**DATA EXCERPT**.
• • • • •

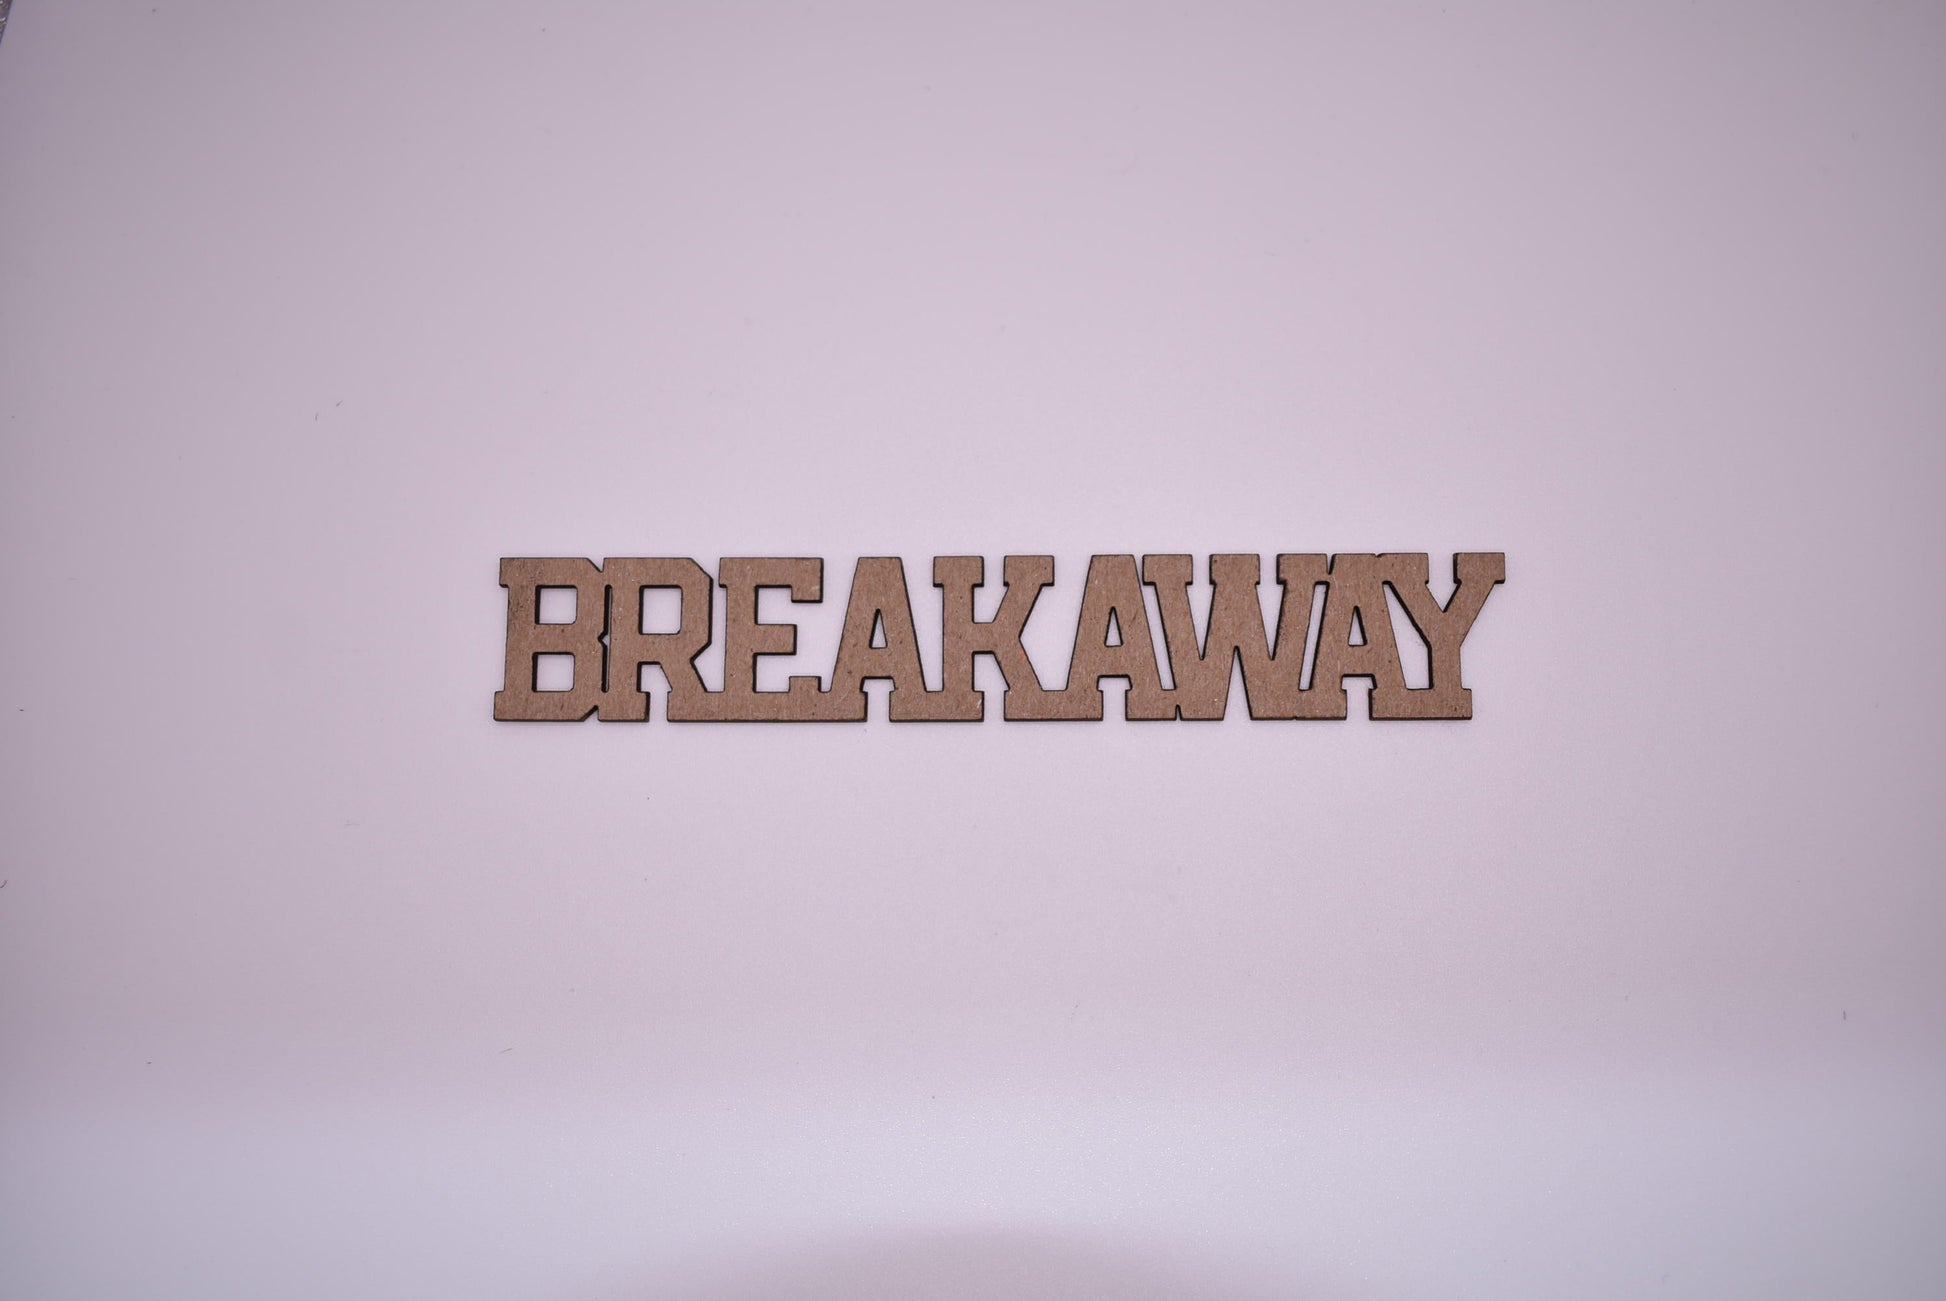 Breakaway - Creative Designs By Kari
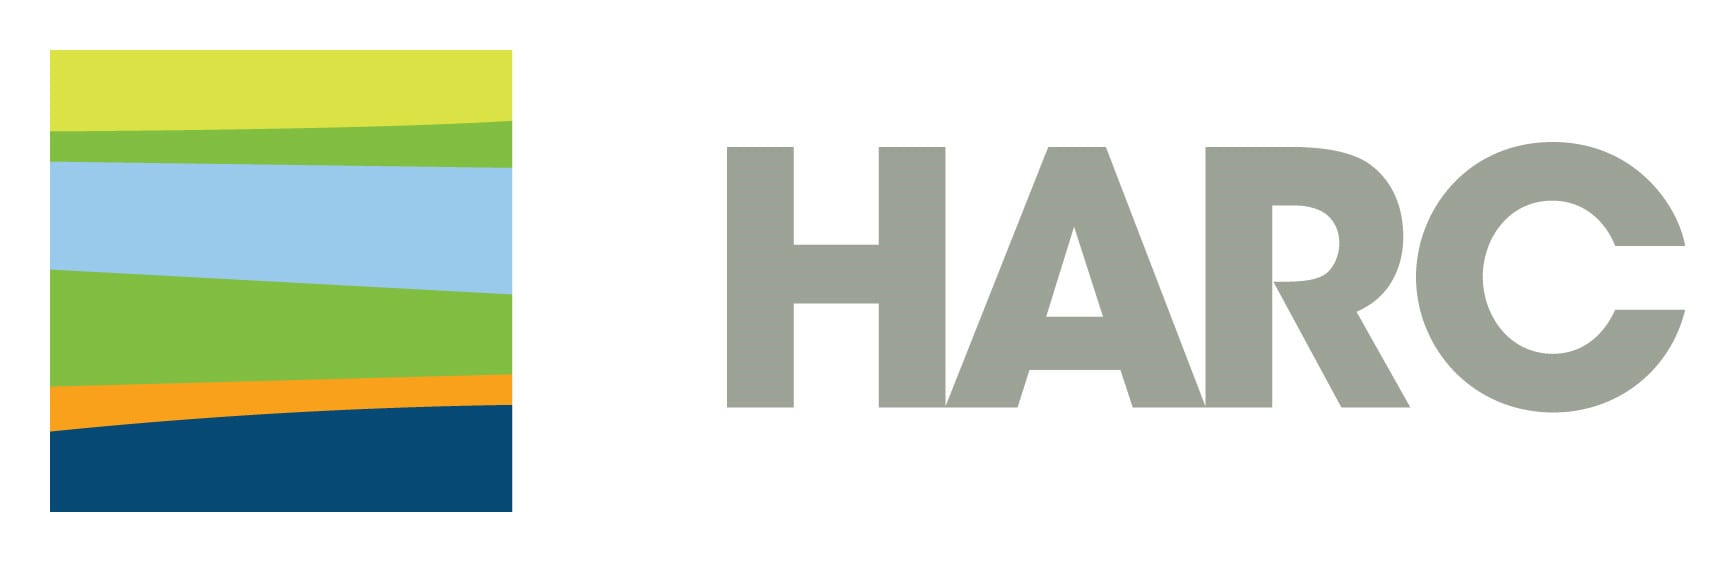 HARC logo
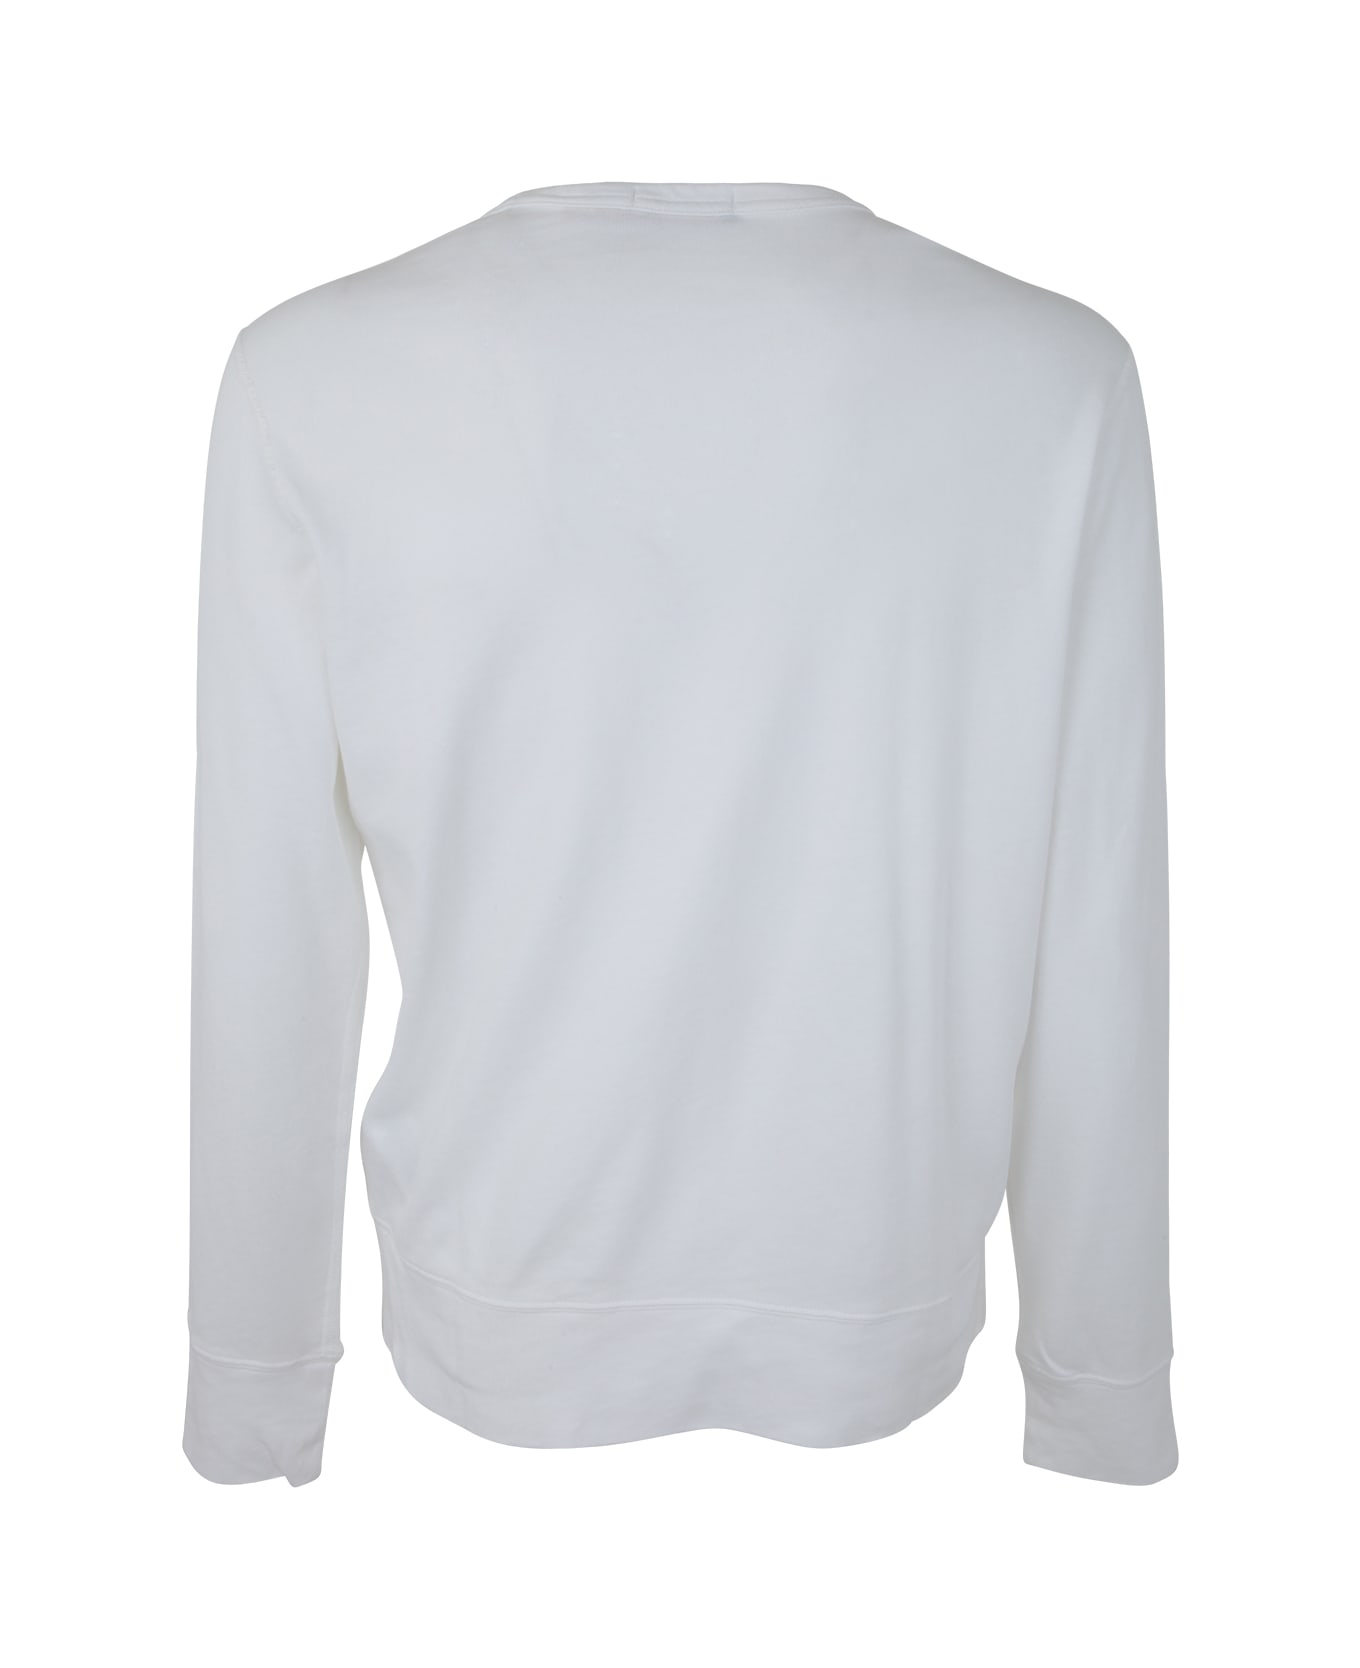 Polo Ralph Lauren Lscnm13 Long Sleeve Sweatshirt - White フリース

• • • • •

**WORK TASK**. Print every line above exactly as given, but not the pictures.

**ANSWER TO THE EXERCISE**.
 Breakaway - Creative Designs By Kari
 HARC logo
 Polo Ralph Lauren Lscnm13 Long Sleeve Sweatshirt - White フリース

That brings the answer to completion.